L’approccio ai vari codici è ovviamente eversivo: Arca li deforma con sistematica perfidia alla maniera di Aphex Twin, suo evidente ascendente nello zodiaco musicale.

Arca Kick iii

Siccome nell’atto seguente rievoca i propri trascorsi da “Dj surrealista”, in Kick iii ci troviamo scaraventati perciò in un club da incubo, accolti dalla voce ostile di una strega (“Bruja”), modello “Trans che viene duro”, e subito dopo ustionati da un “Incendio” appiccato da un rap latino a luce rossa: “Ti strofinerò dappertutto”, promette.

Passate le forche caudine di un “Morbo” inquietante e sopravvissuti all’apparizione della minacciosa Regina del Teschio (“Skullqueen”, appunto), invogliati alla danza (“Sul ritmo, lascia andare i tuoi fianchi”) affrontiamo “Electra Rex”: funk nevrotico nel quale vengono ribaltati i miti di Edipo ed Elettra (“Se Edipo Re uccide il padre e inavvertitamente fa sesso con la madre, ed Elettra è il contrario, uccide la madre e inavvertitamente fa sesso con il padre, Elettra Re è l’unione di maschile e femminile.
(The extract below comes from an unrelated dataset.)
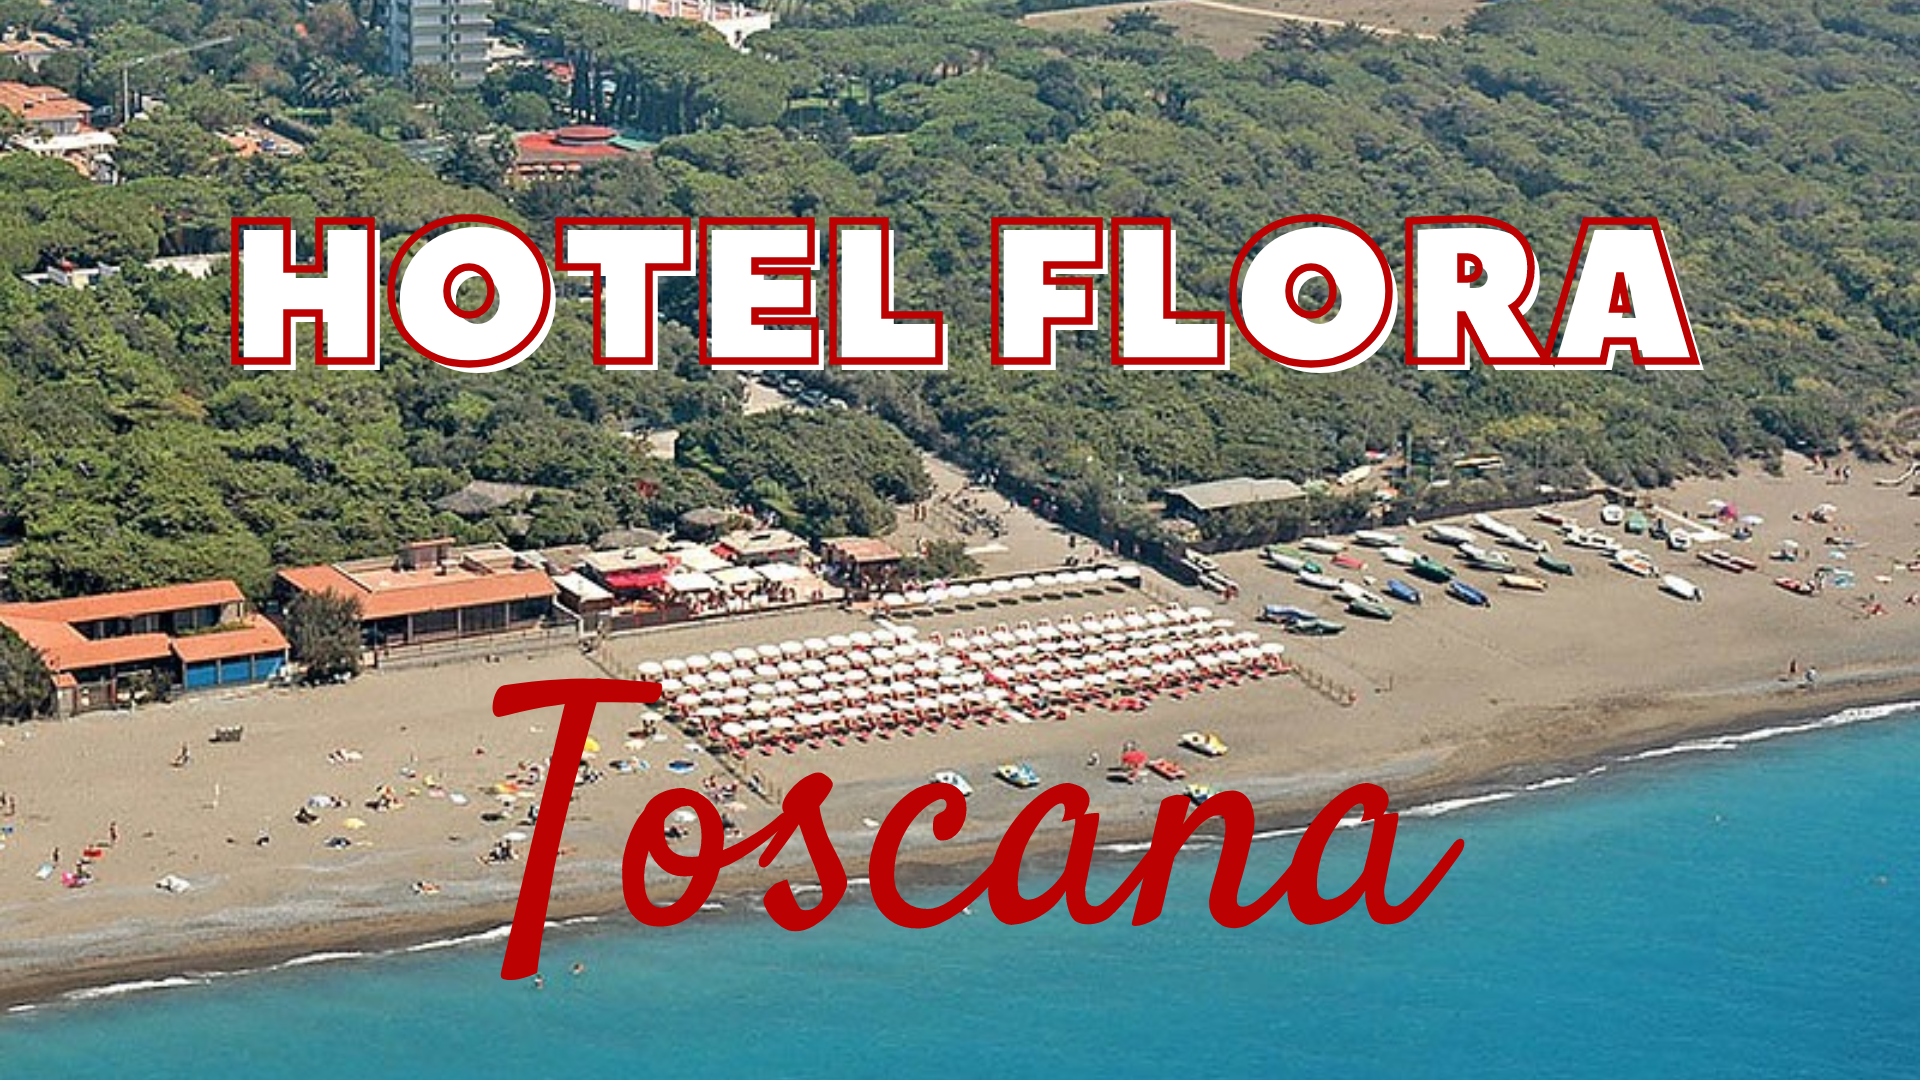 HOTEL FLORA - TOSCANA

Uccide sia la madre sia il padre e fa sesso con sé stessa”, ha spiegato l’interessata su Instagram).

Al quarto disco, preceduta da una canzone puttanesca (“Whoresong”) e un interludio dal sapore cameristico (“Esuna”, impreziosito dal violoncello di Oliver Coates), entra in scena “Xenomorphgirl”, diva forestiera che gorgheggia in Auto-Tune e duetta poi insieme alla britannica Planningtorock nell’apogeo pop celebrato con dolente fierezza nell’esplicita “Queer”: “Ho lacrime, ma lacrime di fuoco, lacrime di potere, lacrime da checca, potere da checca”.
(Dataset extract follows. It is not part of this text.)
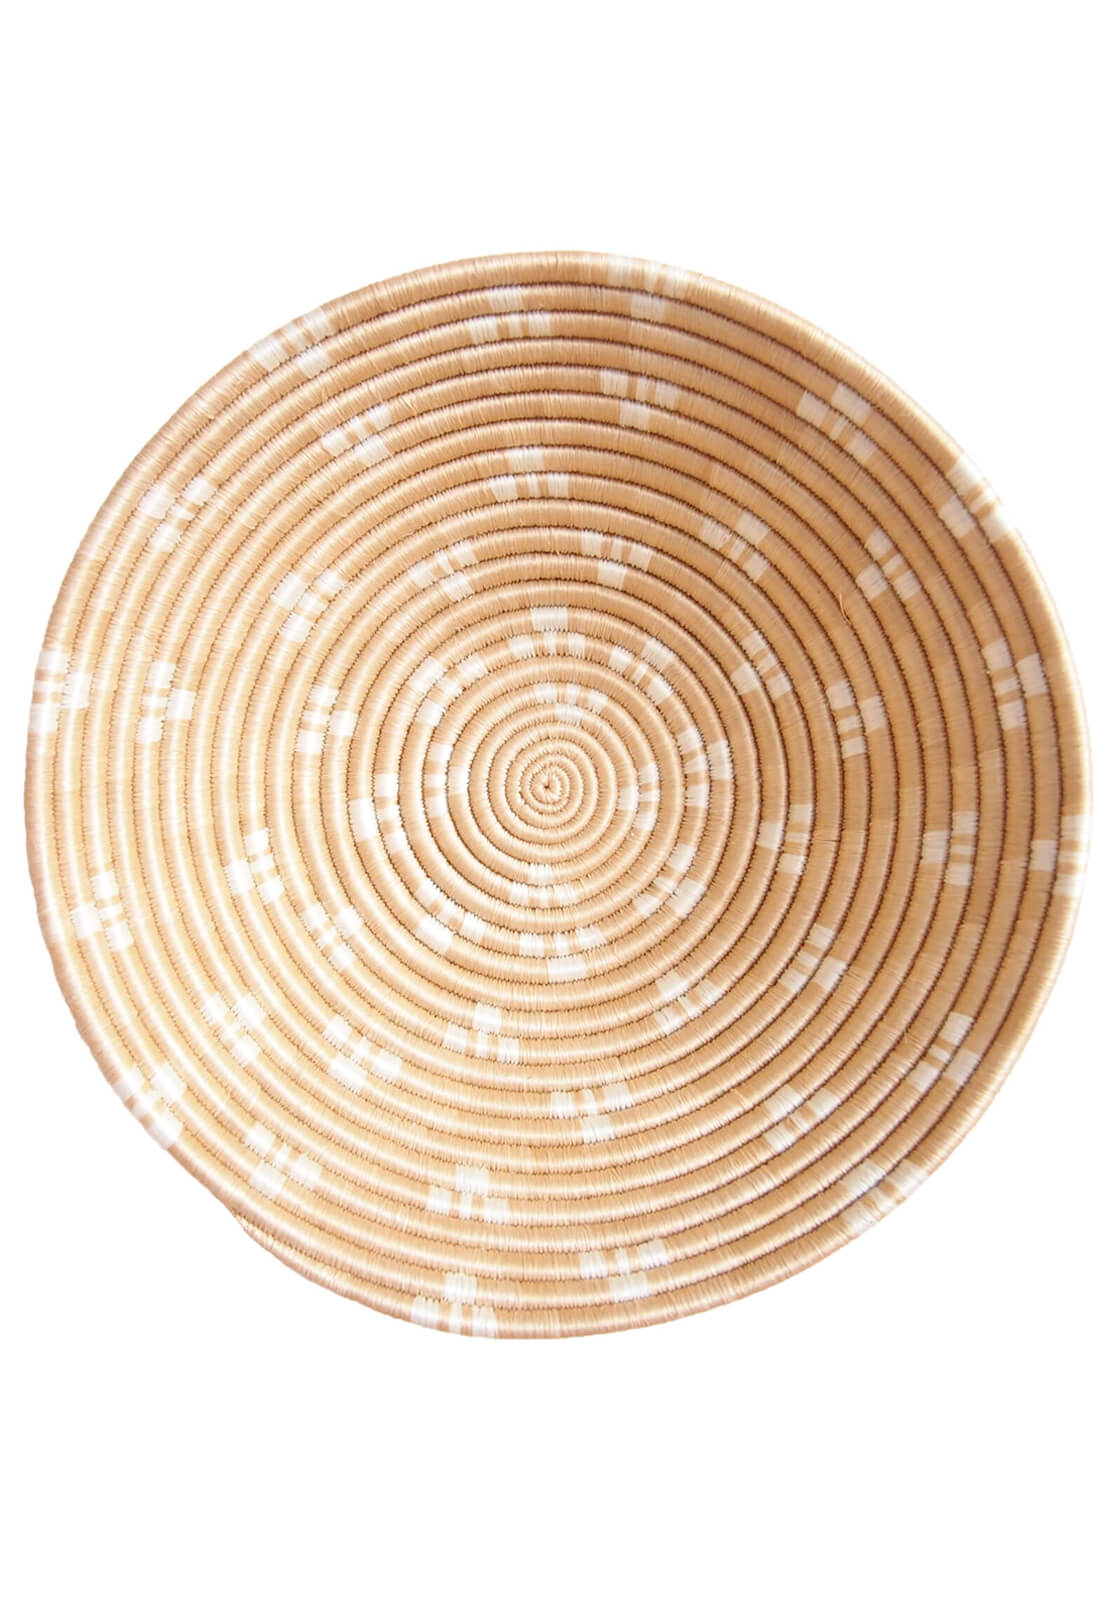 Hand Woven Ntamba Basket - Tan and White

Il tono è qui più sommesso e la strumentazione varia di conseguenza, fra accordi di pianoforte (in “Witch”, dove compare l’icona genderfuck Susanne Oberbeck, alias No Bra), un’inopinata chitarra elettrica dal timbro indie rock (nella squisita ballata “Boquifloja”) e mesti sintetizzatori (su cui si adagia in “Alien Inside” il recitato di miss Garbage, ossia Shirley Manson).

Arca Kick iiii

Tipo quiete dopo la tempesta arriva infine – inatteso, dicevamo – il volume conclusivo, in prevalenza strumentale e votato a una rarefazione di scuola ambient, oscillante fra le tenebre di “Amrep” e la luminosità di “Fireprayer”, esibendo quale asso nella manica il decano Ryuichi Sakamoto, in “Sanctuary” oratore di “una fede mutante, post umana”.
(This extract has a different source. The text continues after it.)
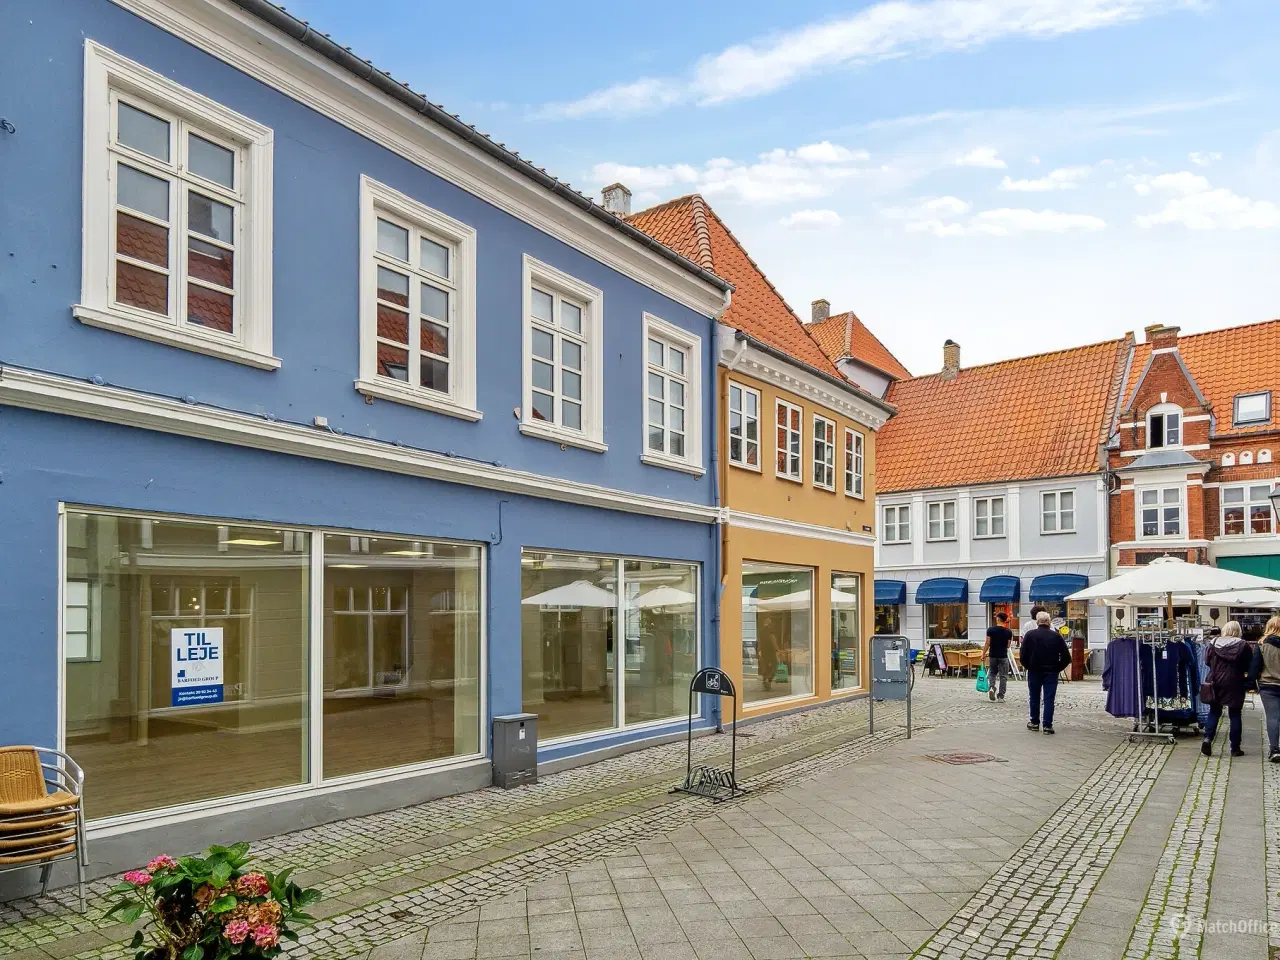 Billede 1 - Flot butik med stor facade på gågaden i Nyborg

È quella l’esatta dimensione attuale di Alejandra Ghersi Rodriguez, che avendo compiuto in pubblico la propria metamorfosi sessuale (come Antony/Anohni, ma in modo più sfacciato) ed essersi messa a capo di una “comunità di mutanti” ha generato intorno a sé – producendo musiche inaudite – un mondo intero: letteralmente deus ex machina.